INSTRUCTIONS TO FOLLOW
Each entry is to be repeated word for word, and the images are to be dropped.

THE DATA
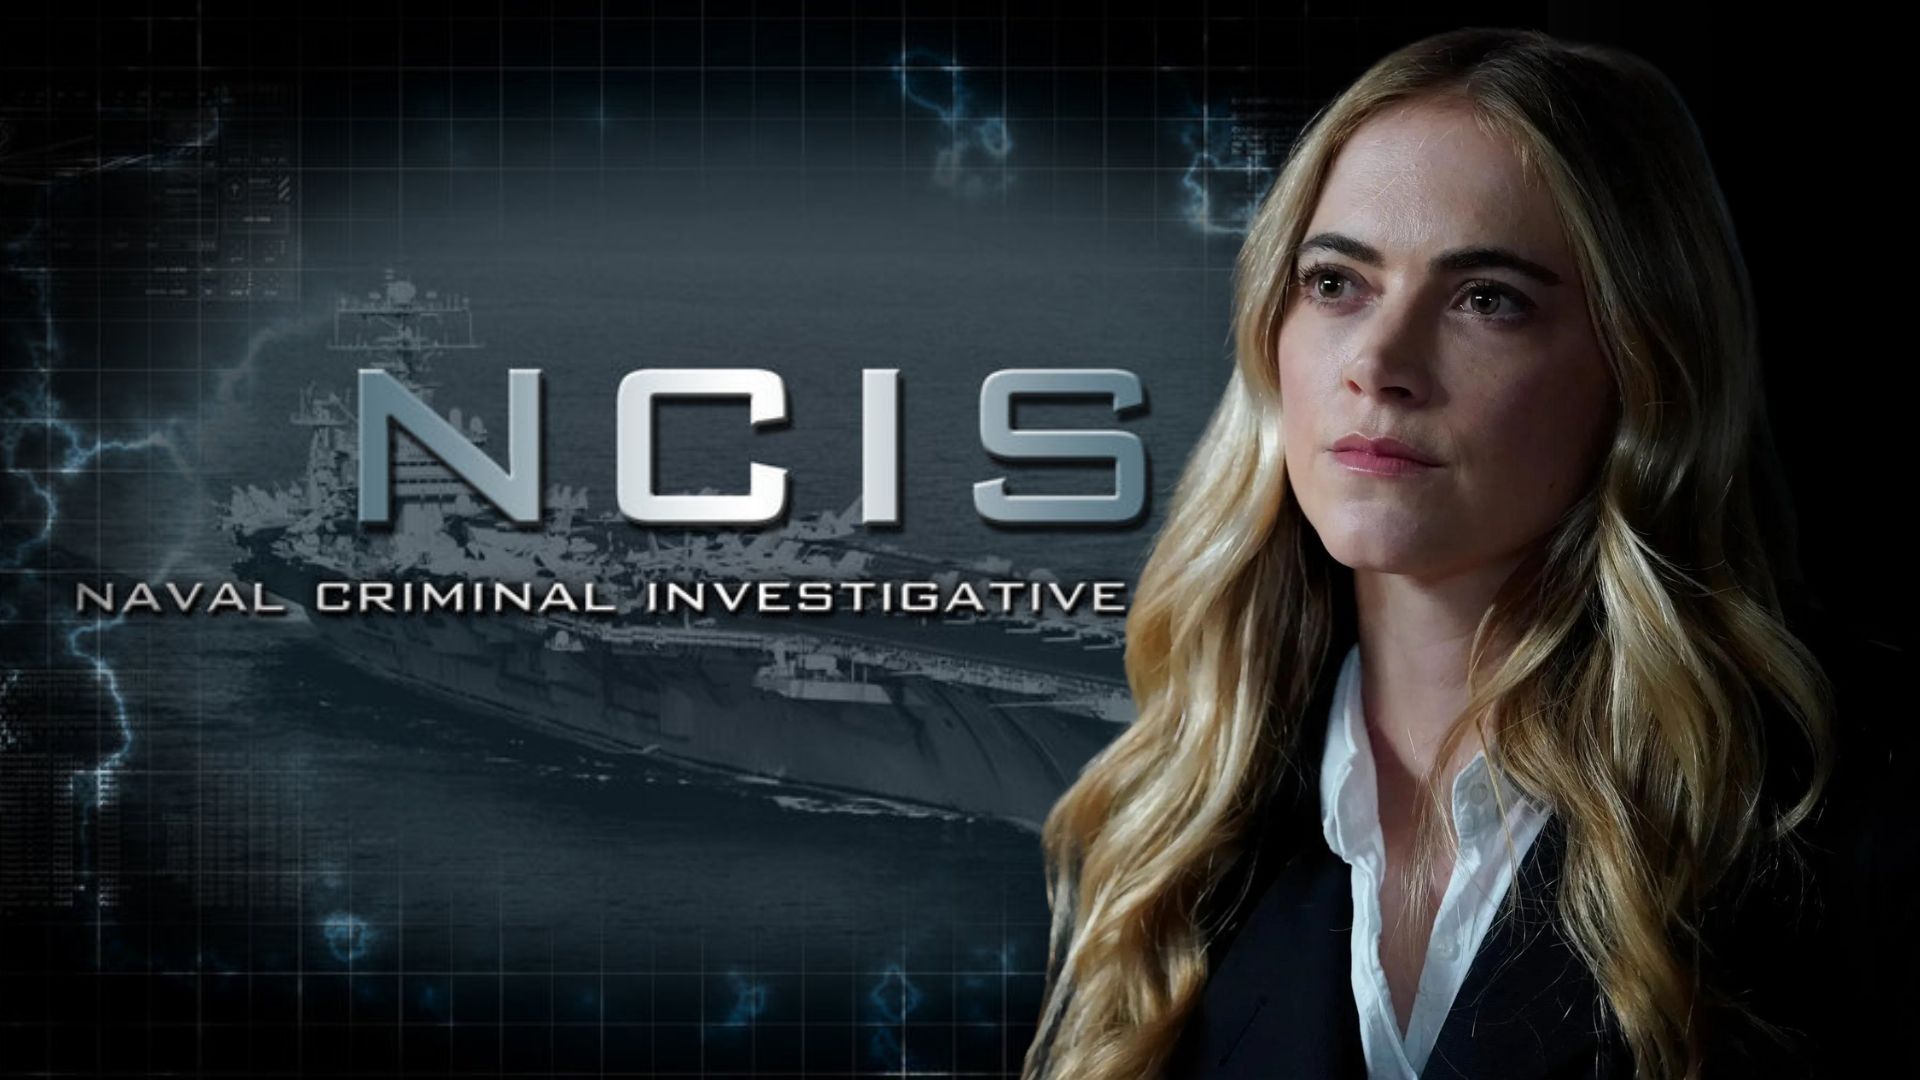 A custom image of Eleanor Bishop (played by Emily Wickersham) in NCIS
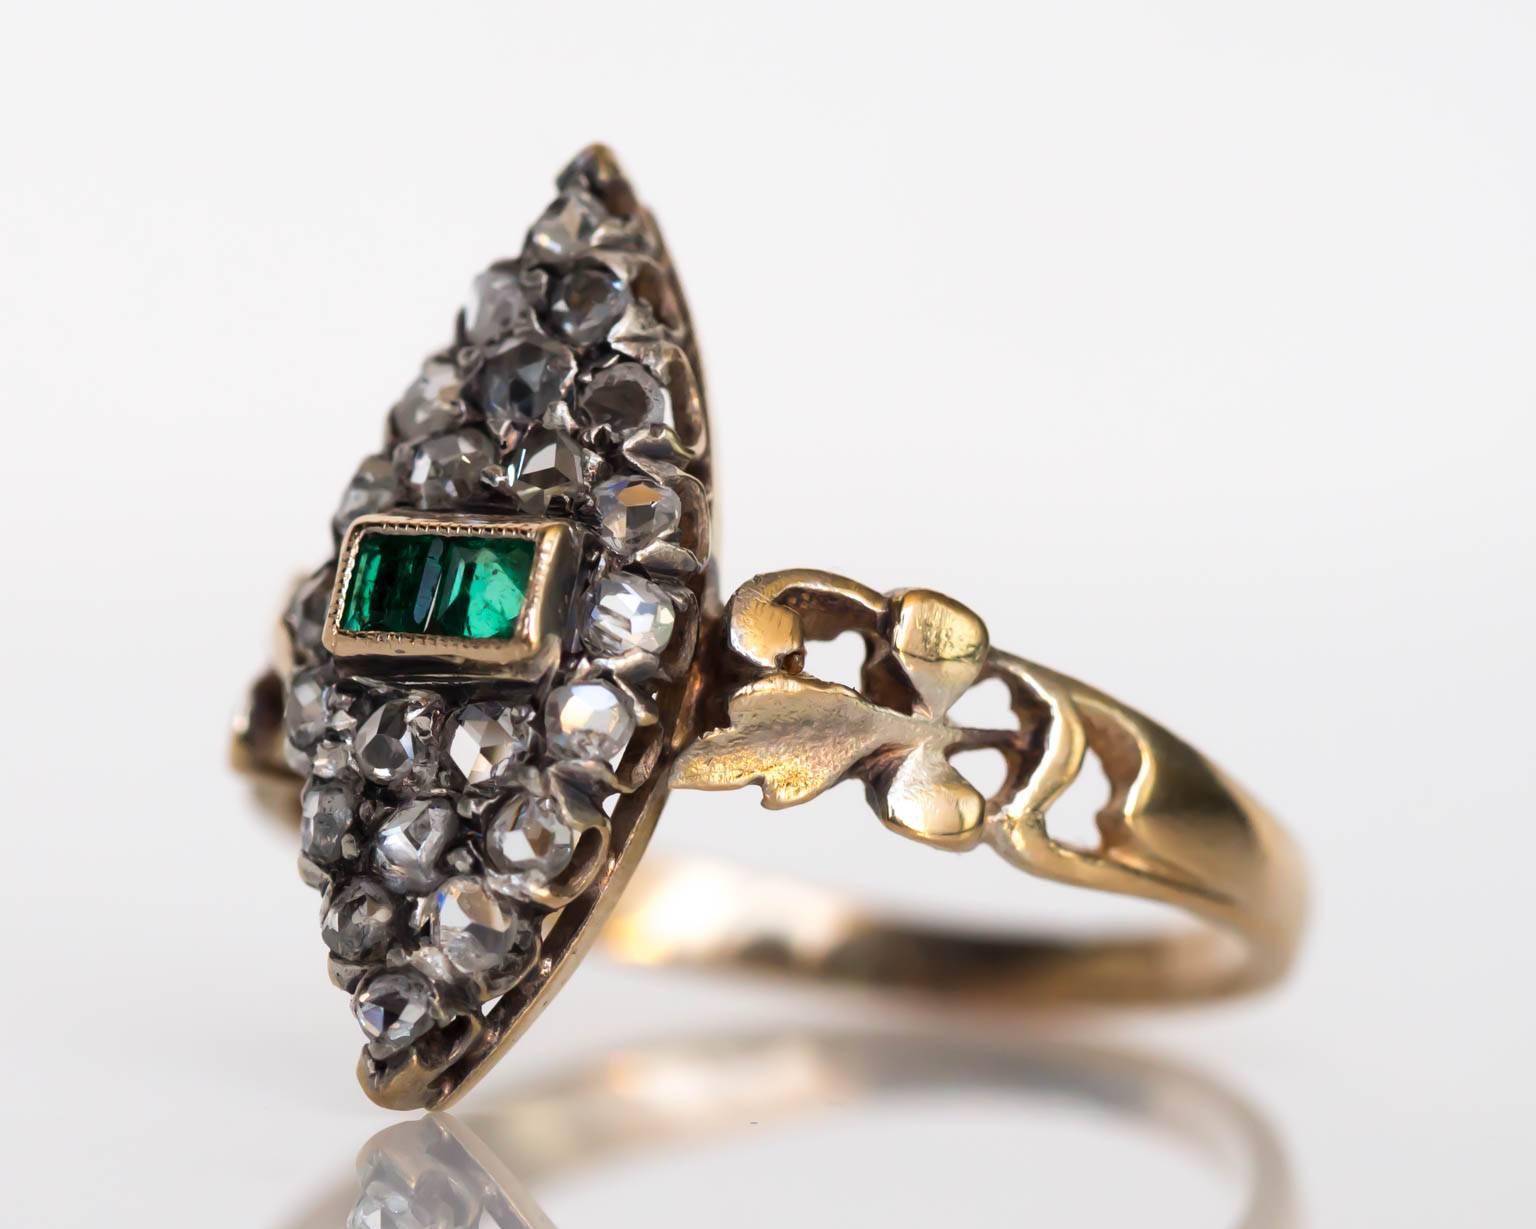 Item Details: 
Ring Size: 8
Metal Type: 18 Karat Yellow Gold
Weight: 3.7 grams

Diamond Details:
Shape: Antique Rose Cut
Carat Weight: .60 carat, total weight
Color: H-I-J
Clarity: SI

Color Stone Details: 
Type: Emerald
Carat Weight: .50
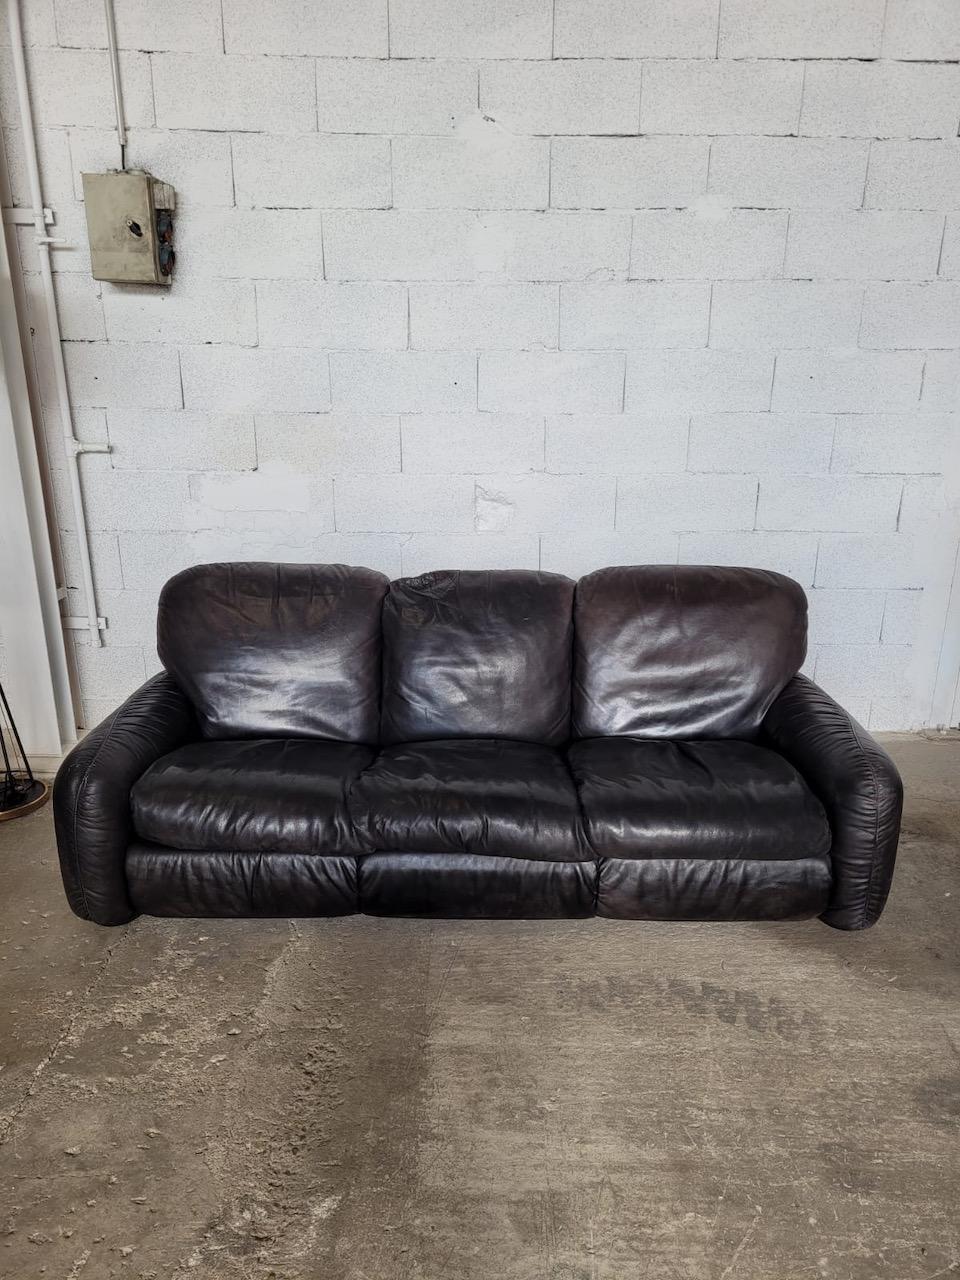 Arrigo Arigoni black leather sofa by busnelli model piumotto 1970. 
Goose down seat and backrest. Good condition, nice patina. 
Dimensions : Width: 200 cm. Height: 75 cm. Depth: 90 cm. Seat height: 45 cm.

RESULT OF THIS TASK
 A custom image of Eleanor Bishop (played by Emily Wickersham) in NCIS
 Item Details: 
Ring Size: 8
Metal Type: 18 Karat Yellow Gold
Weight: 3.7 grams

Diamond Details:
Shape: Antique Rose Cut
Carat Weight: .60 carat, total weight
Color: H-I-J
Clarity: SI

Color Stone Details: 
Type: Emerald
Carat Weight: .50
 Arrigo Arigoni black leather sofa by busnelli model piumotto 1970. 
Goose down seat and backrest. Good condition, nice patina. 
Dimensions : Width: 200 cm. Height: 75 cm. Depth: 90 cm. Seat height: 45 cm.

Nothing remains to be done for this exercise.